Capítulo 36
Si alguien le hubiera dicho hace un año, que volvería a ver a su padre por su propia iniciativa, se habría reído en su cara con fuerza. Pero ahí estaba, llenando una maleta pequeña con ropa para tres días, convencida por Nate para visitar Nueva York.
Anna entró en la habitación empujando la silla de ruedas. Al pasar, le acarició una mejilla con calidez y con esfuerzo, se sentó en la cama, junto a su ropa doblada en diminutos cilindros, como le habían enseñado.
Tomó uno entre sus dedos huesudos y abrió los ojos sorprendida.
—¿Y esta manera de doblar la ropa?
—Me enseñó Nate, se ahorra mucho espacio, ¿no crees?
—Eso veo —respondió distante, como si aquella conversación fuera un pretexto para no expresar lo que de verdad la incomodaba.
—¿Pasa algo?
Anna levantó la mirada a su hija. La mirada cansada dentro de su par de ojeras resaltadas en su piel pálida y amarillenta, estaba repleta de preocupación.
—Cariño... ¿Nate y tú están...?
—No —respondió tajante, y rápido. Demasiado rápido, sin sopesarlo, que le preocupó encender una alerta en su madre—. ¿Tendría eso... algo de malo?
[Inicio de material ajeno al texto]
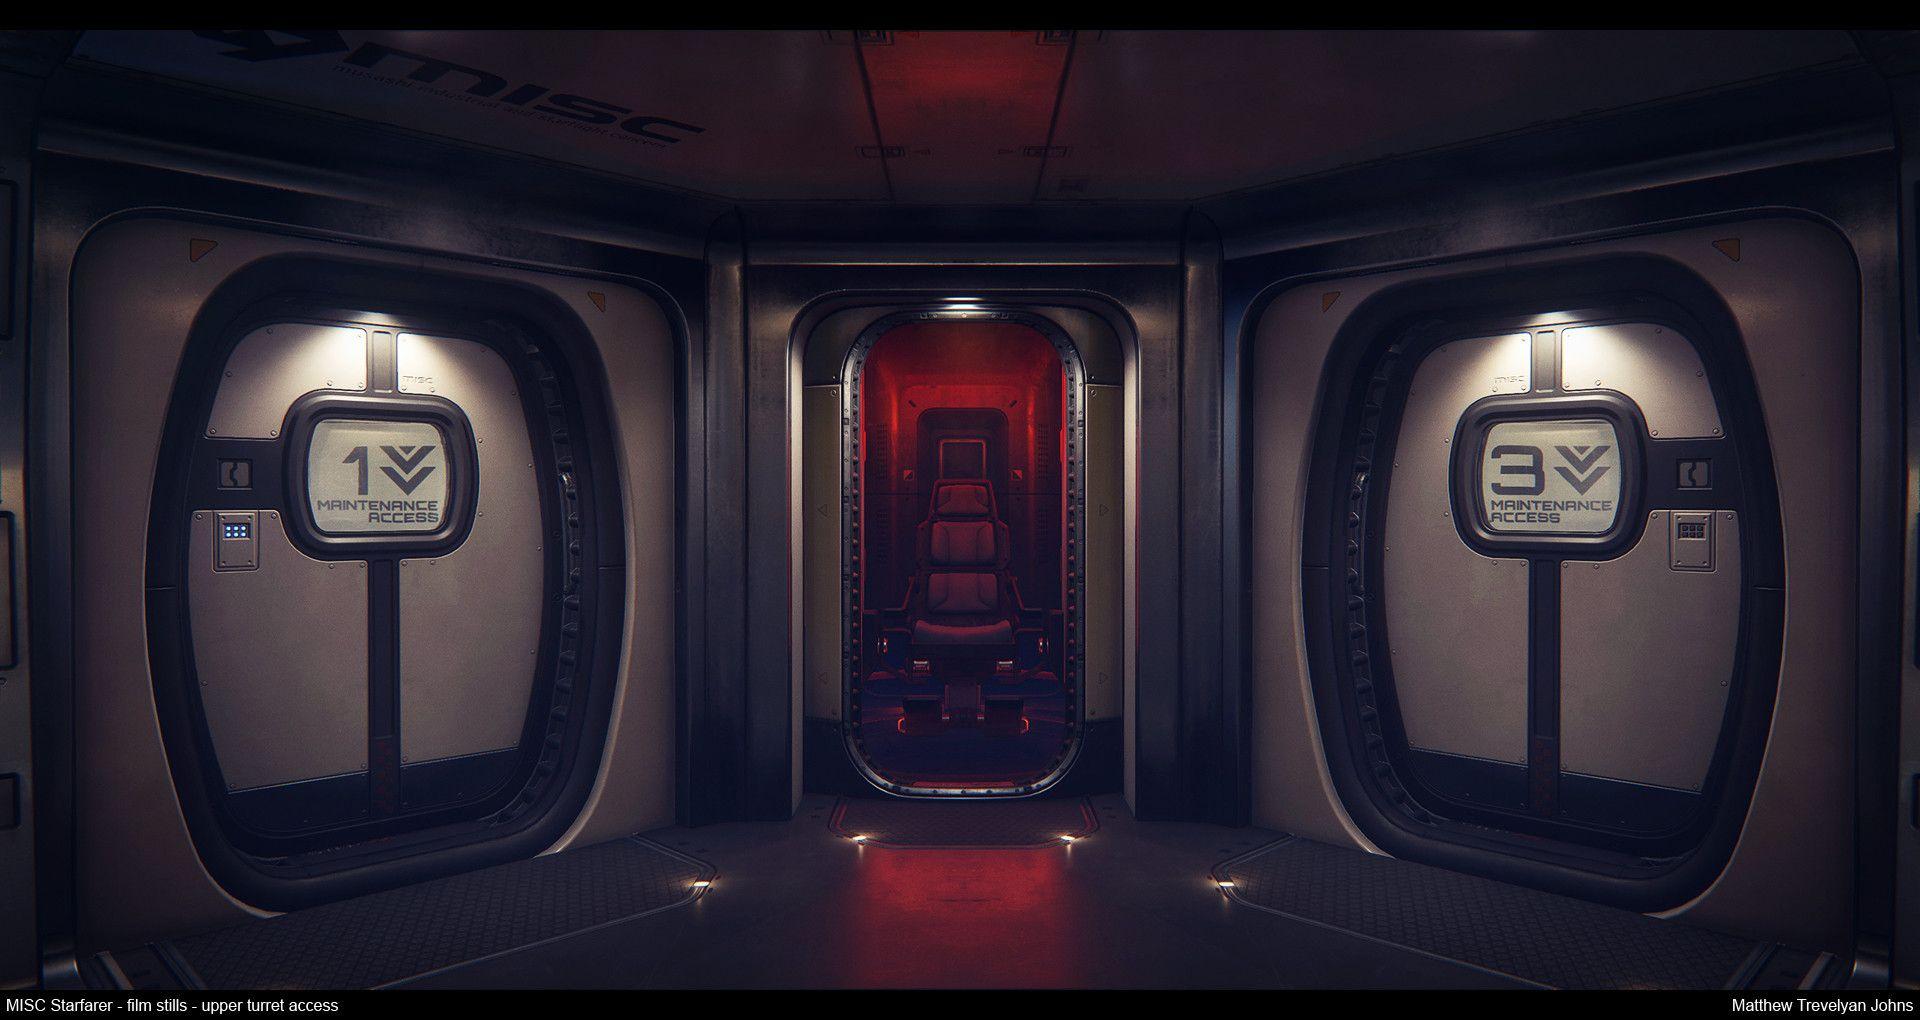 ArtStation - Star Citizen...The Starfarer: Interior focus video, Matthew Trevelyan Johns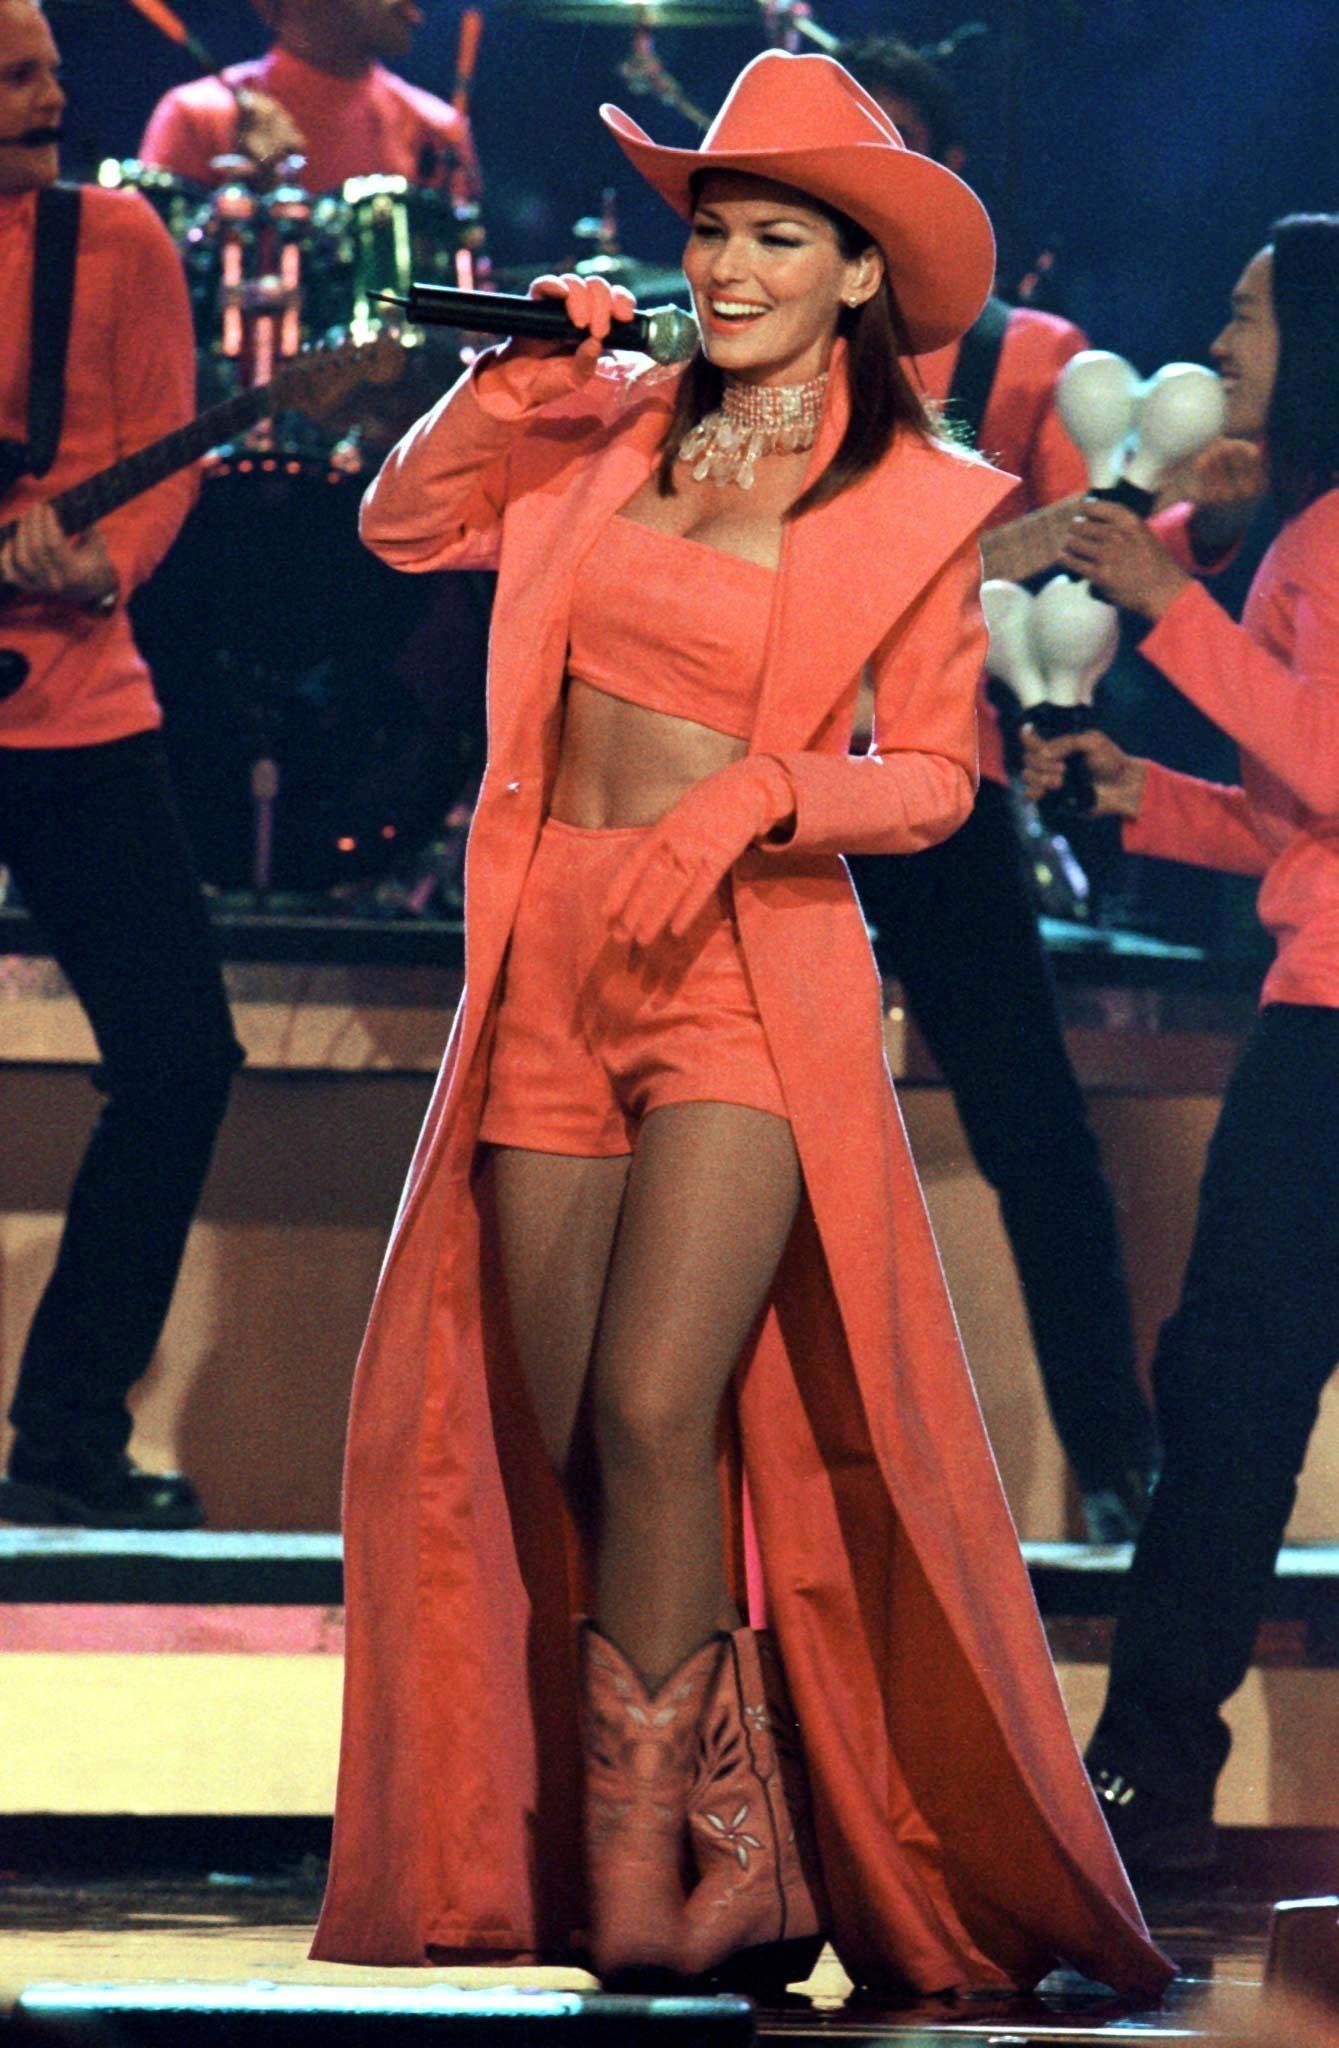 Shania Twain Orange Boots Colororange Country Music

—¡No! No para nada —dijo melancólica, tomando las manos de Day entre las suyas—. Es solo...
Sopló el aire, y pareció que incluso hacer eso, le dolía por dentro.
—¿Has sabido algo de Nolan? —preguntó temerosa, y Day debió apretar muy fuerte los labios para evitar el temblor herido que sintió venir.
—Lo mismo de siempre, mamá. Que está bien, que está en el ejército.
—Lo mismo que dice Jude... —replicó frustrada—. Hace más de un año que no escucho su voz, y... No sé, me parece... me parece exagerado.
—Bueno, es el ejército —dijo como si eso explicara algo.
—Sí, pero... No lo sé, ¿qué voy a saber yo? —se respondió a sí misma con tristeza—. Quisiera que al menos enviara más fotos. Se le ve muy poco.
—Al menos a ustedes les manda fotos... —respondió en un hilo para sí misma.
—¿Qué?
—Nada... Ya sabes cómo es Nolan.
—Cariño —llamó preocupada—. ¿Pasó algo entre ustedes? ¿Algo que... yo no sepa?
Day la miró profundamente, sintiendo que sus pupilas le atravesaban y leían su interior, leían el amor. Le escocieron los ojos y bajó el rostro, como si eso pudiera evitar que le leyera la tristeza en la cara. Su madre acarició el dorso de sus manos en un delicado consuelo.
—No lo sé, mamá —respondió herida—. Simplemente... Simplemente dejó de escribirme.
Se cubrió el rostro, y se desarmó, liberando un sollozo, con la realidad frente a sus ojos. Anna la envolvió en un abrazo, y acarició su espalda.
—Pensé que era por reglas de ese estúpido ejército —sollozó—. Pero luego vi que le escribía a Jude y supe que lo hacía con intención.
—¿Le dijiste esto a Jude?
—¡No! —chilló deshecha—. ¡Es humillante, mamá!
—Oh, cariño... —Deshizo el abrazo para tomar su rostro entre sus manos heladas—. La incertidumbre es mucho peor que la humillación. Una se te queda adentro y te carcome, la otra solo dura un tiempo.
Observó a su madre, sin poder detener el llanto, y asintió comprensiva.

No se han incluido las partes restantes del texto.